Showing an image of bare breasts

No, showing soft-core pornography, which has its time and place; neither of which should occur within a "technical" conference lecture room.

Mentioning Playboy?

No. Some people were upset by the mere mention of Playboy but had there been a little more context, and more appropriate images, I don't think that itself would have been a problem.

Not having an image of a man for the women in the audience?

The answer isn't "more porn". Balancing it out so that there are equal numbers of naked men as women won't make the people who feel uncomfortable with any porn feel better. It won't make the women who feel singled out and unsafe because suddenly they've realised that they're surrounded by rutting men feel better. It won't make the homosexual men who've just been told that they're "different" than the majority feel better. And it won't make the men who are uncomfortable with images of naked men feel better either.

Porn has no place at an IT conference. It's not universal, instead it creates very big gulfs around people. Which is the opposite of the conference's purpose. If you want more diversity in Perl, in FOSS, or even in IT in general, the attitude of "we're all just boys here" needs to change.

Adam's talk could actually have been a great one. When he spoke about it on the train in the morning I had high hopes. I expected pictures of doublets, perhaps an elizabethan model. I imagined a clothed woman with indications of where the measurements applied. I didn't expect jokes about "objectifying women" (it just made things worse). I didn't expect porn. The talk probably has too much history now, but it really could have been fantastic.

I bet if you had shown pictures of guns, and talked about screen scraping the NRA website...

You're right, I don't think this would have got the same reaction at all. In my experience Australians don't really think much about guns or about gun laws. By and large most people are happy that guns are not easily available and I'd expect a good 60% or so (of consumers) have never seen a unholstered gun in real life.

A talk about scraping the NRA website and one which included lots of guns would probably cause a portion of the audience to frown, but not because they felt personally threatened, picked out and isolated.

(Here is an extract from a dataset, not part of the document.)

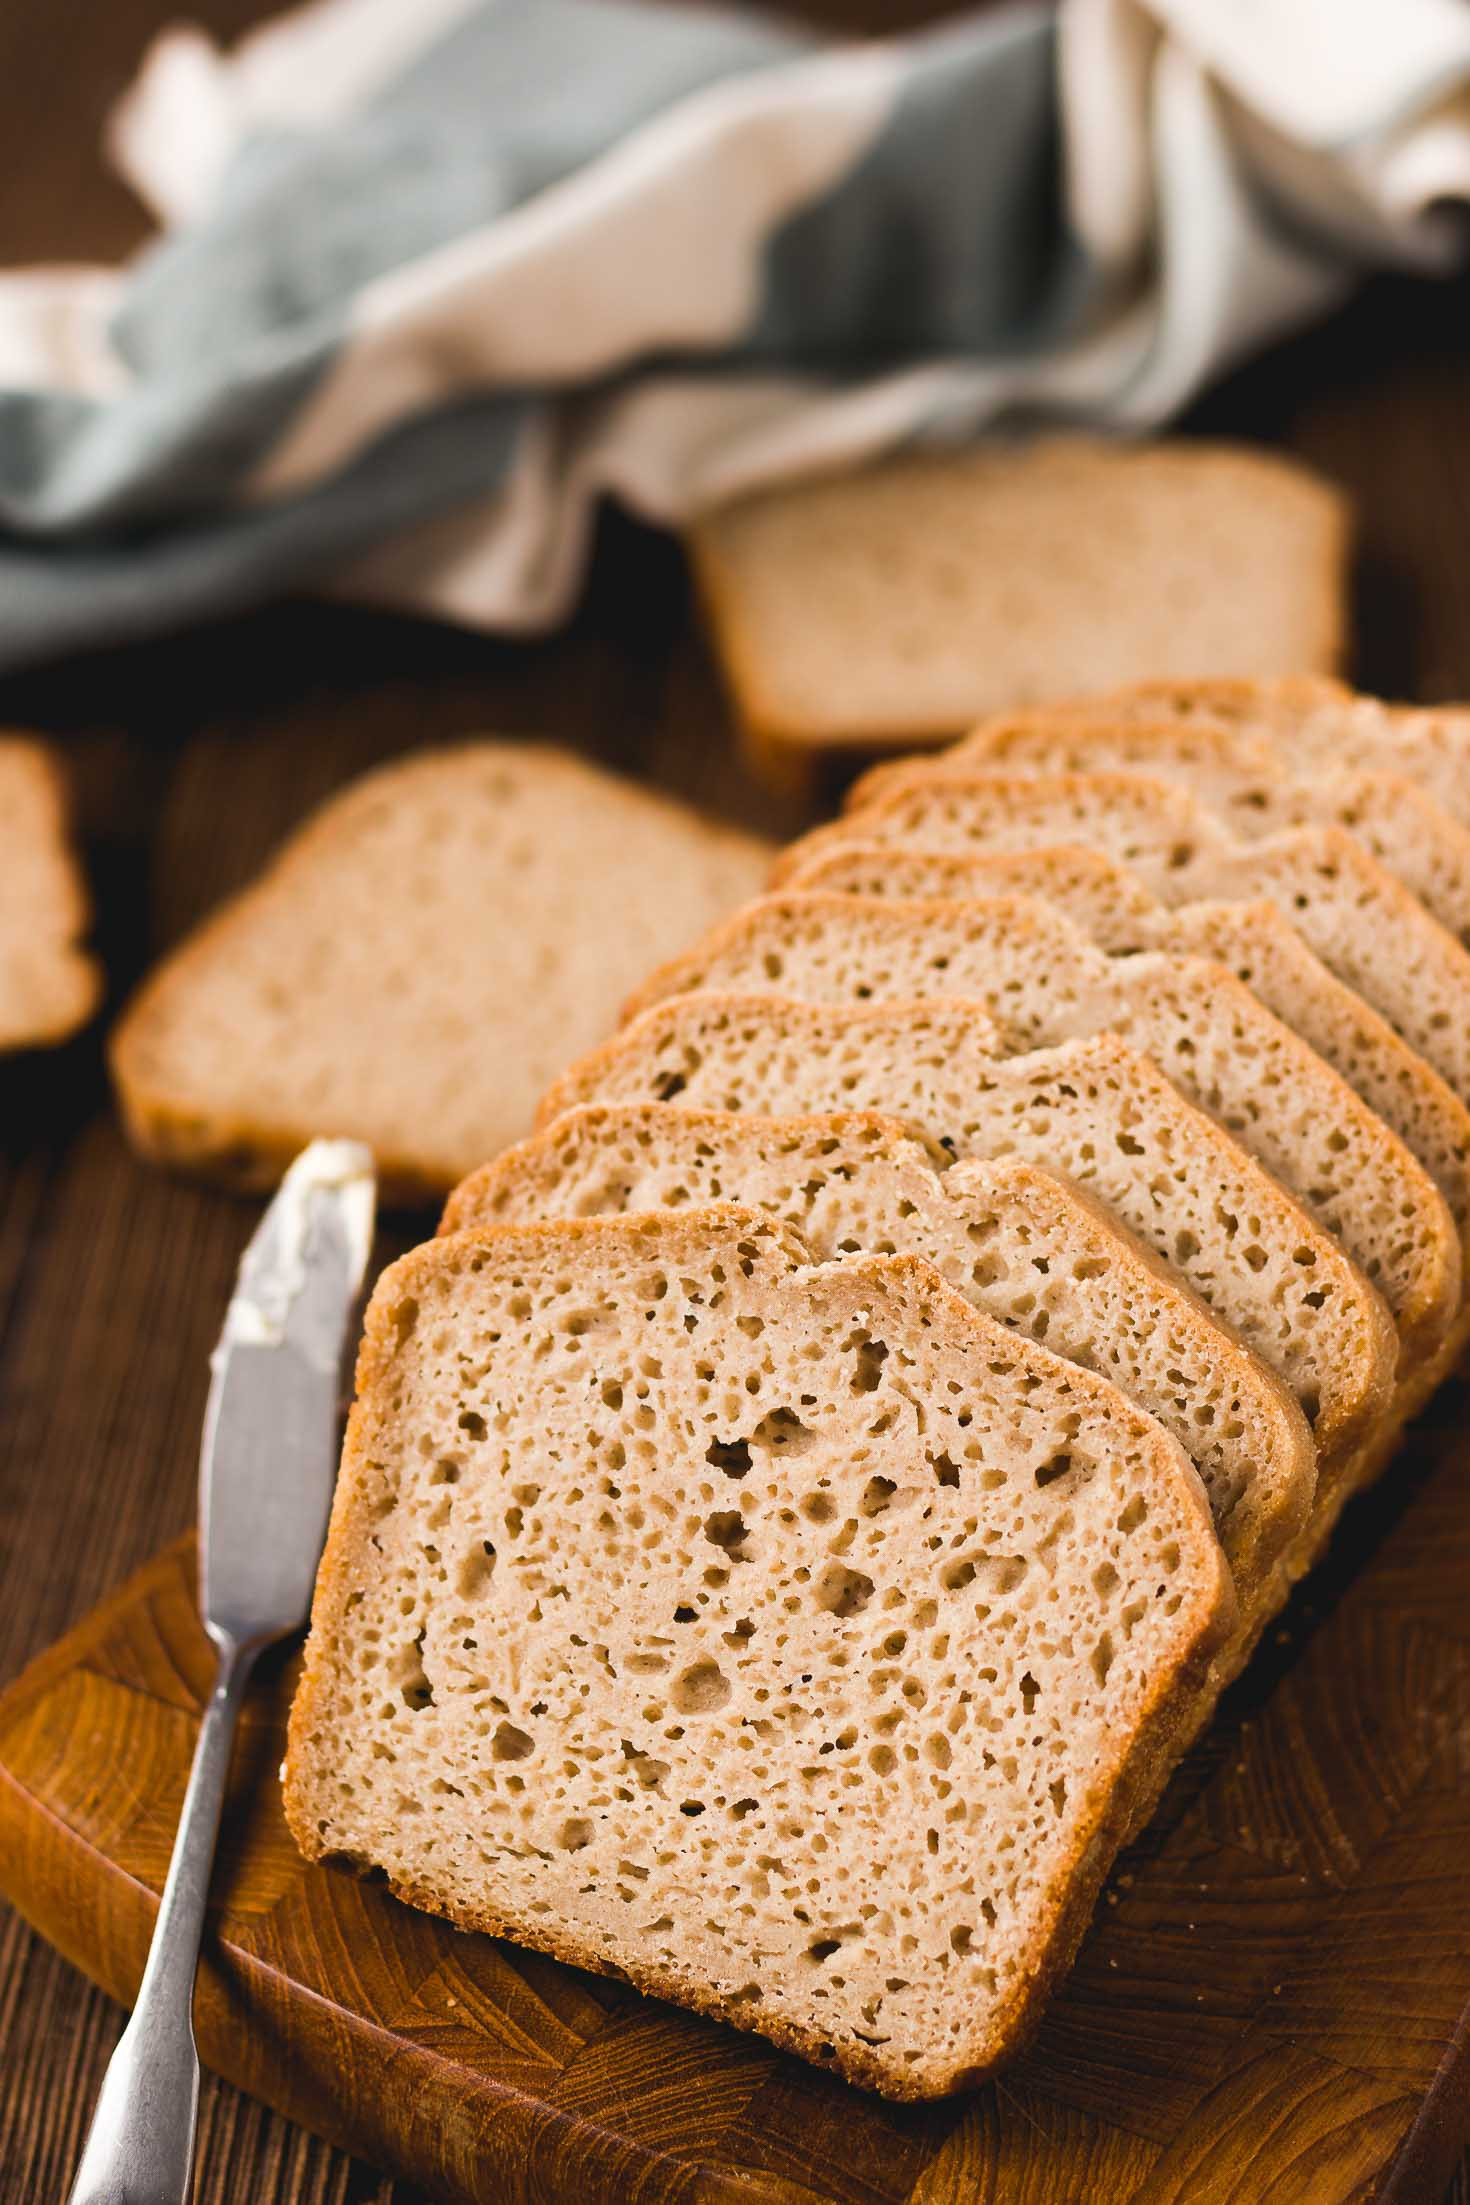 How To Make Gluten Free Bread
 The Best Homemade Gluten free Bread

Probably because they feel uneasy about the "right to bear arms" in the US and of the NRA as a corrolary.

sounds like a very good talk

TeeJay on 2006-12-22T11:15:12

It sounds like a very good talk that caused a scandal because you used a single inapproriate image.

I don't see any reason not to give the talk again with some toned down images (playboy do after all have acceptable pictures of their playmates as well as the more arty, or exposed).

It would also be interesting to see how much code-re-use and lessons you could apply to a brand new ACME::Model::Chippendale package, including why it's important to make modules within the same namespace consistent, and why you may need to include some kind of grouping in the namespace.